Hmmm.  I wonder if we're sometimes racing with having `/boot` being unmounted or something?  Definitely a CoreOS issue.

Will see if we can reproduce.

Comment 7 Colin Walters 2020-05-08 14:09:40 UTC

A bit of background on this, see https://github.com/ostreedev/ostree/commit/eb506c759c666af2461f1ba3dda4e31ea49ebc41

Comment 8 Antonio Murdaca 2020-05-08 14:13:15 UTC

(In reply to Colin Walters from comment #6)
> > Apr 27 02:18:19.799745 ci-op-49sqd-w-c-8jd2x.c.openshift-gce-devel-ci.internal ostree[35041]: error: Unexpected state: /run/ostree-booted found, but no /boot/loader directory
> 
> Hmmm.  I wonder if we're sometimes racing with having `/boot` being
> unmounted or something?  Definitely a CoreOS issue.
> 
> Will see if we can reproduce.

Might not be fully related, but we're hitting this on the RT kernel test which just installs the RT rpms, verify it works, and rollback (and the rollback fails). We never encountered this behavior in the other MCO tests.
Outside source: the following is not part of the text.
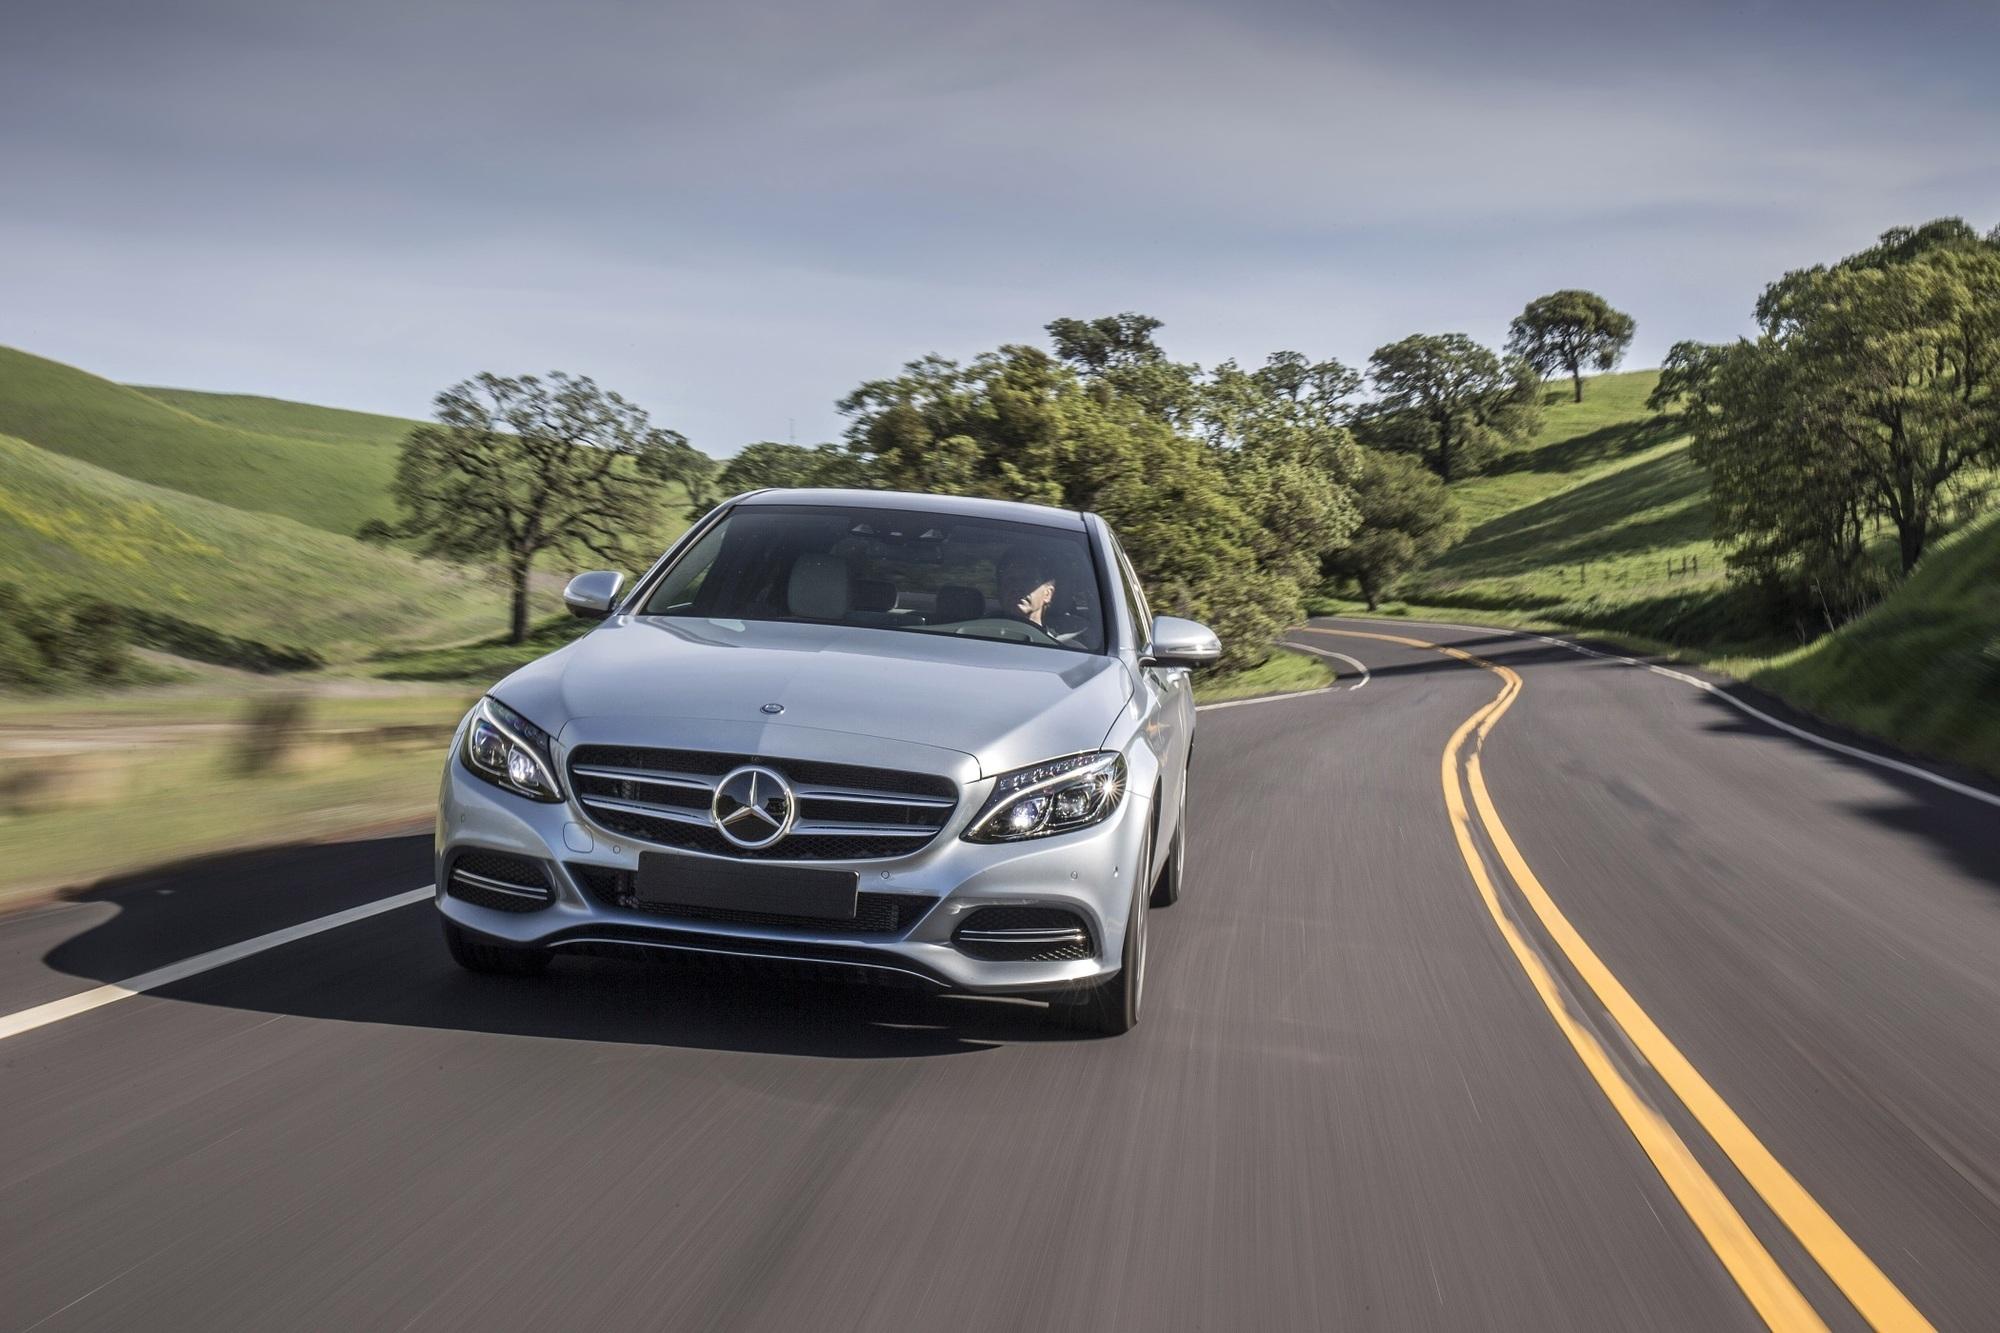 Fahrbericht: Mercedes C 350e mit Plug-In-Hybrid  - C-Klasse mit hohem IQ

Comment 9 Colin Walters 2020-05-08 14:13:56 UTC

Two further notes; rpm-ostree has special support for *displaying* this state:
https://github.com/coreos/rpm-ostree/pull/1609

And in theory the MCO could actively say "hmm, last deploy failed, let's try again".
(Though we still want to fix this)

Also related, if we were doing https://github.com/openshift/machine-config-operator/issues/1190
then the "source of truth" would be ostree - which means when the MCD came up again it'd
be more obvious that "ok I tried to reboot but it didn't work", and none of the new config
changes would be applied either.

Comment 10 Jonathan Lebon 2020-05-08 14:29:41 UTC

> Hmmm.  I wonder if we're sometimes racing with having `/boot` being unmounted or something?  Definitely a CoreOS issue.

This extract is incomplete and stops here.